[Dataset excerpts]
====
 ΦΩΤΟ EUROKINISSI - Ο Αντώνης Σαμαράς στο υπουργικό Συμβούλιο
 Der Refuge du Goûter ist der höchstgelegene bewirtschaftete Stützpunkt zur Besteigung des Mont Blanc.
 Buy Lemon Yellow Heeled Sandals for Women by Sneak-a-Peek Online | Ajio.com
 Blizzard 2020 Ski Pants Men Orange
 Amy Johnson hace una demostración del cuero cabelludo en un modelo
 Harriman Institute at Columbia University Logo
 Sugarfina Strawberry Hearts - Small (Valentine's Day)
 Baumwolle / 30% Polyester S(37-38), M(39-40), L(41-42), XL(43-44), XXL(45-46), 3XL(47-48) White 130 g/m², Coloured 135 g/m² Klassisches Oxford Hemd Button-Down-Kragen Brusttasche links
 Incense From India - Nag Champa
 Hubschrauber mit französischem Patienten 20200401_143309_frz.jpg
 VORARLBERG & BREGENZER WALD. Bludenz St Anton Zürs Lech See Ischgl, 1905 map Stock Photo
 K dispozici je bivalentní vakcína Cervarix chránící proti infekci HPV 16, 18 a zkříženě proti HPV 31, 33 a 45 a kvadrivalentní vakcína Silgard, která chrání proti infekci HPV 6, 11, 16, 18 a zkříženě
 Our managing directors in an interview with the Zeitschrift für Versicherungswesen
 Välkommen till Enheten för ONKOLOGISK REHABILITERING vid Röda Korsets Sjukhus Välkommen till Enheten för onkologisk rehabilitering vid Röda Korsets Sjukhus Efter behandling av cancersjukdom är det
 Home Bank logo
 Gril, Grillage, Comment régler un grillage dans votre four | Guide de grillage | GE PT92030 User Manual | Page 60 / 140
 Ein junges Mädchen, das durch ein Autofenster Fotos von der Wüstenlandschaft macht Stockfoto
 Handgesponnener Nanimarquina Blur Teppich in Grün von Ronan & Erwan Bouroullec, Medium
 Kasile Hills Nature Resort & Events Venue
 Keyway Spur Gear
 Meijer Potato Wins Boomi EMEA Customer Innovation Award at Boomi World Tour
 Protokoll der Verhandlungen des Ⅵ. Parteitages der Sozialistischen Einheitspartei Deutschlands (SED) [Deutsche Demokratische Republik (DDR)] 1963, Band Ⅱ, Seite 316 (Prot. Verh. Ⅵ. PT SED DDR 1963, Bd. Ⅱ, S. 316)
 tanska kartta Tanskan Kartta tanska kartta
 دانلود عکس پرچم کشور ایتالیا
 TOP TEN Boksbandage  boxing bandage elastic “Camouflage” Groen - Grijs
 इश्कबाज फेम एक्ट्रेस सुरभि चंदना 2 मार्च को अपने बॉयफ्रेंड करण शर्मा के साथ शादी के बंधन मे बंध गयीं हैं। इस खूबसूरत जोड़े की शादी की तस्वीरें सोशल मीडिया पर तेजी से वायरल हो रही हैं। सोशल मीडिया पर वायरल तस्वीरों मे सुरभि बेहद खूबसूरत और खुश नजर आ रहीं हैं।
====
Task details: For this task, write out exactly the lines of the entries above, starting at the line with "Handgesponnener Nanimarquina Blur" and ending at the line with "Meijer Potato Wins", both included, and no others.

Response area:
 Handgesponnener Nanimarquina Blur Teppich in Grün von Ronan & Erwan Bouroullec, Medium
 Kasile Hills Nature Resort & Events Venue
 Keyway Spur Gear
 Meijer Potato Wins Boomi EMEA Customer Innovation Award at Boomi World Tour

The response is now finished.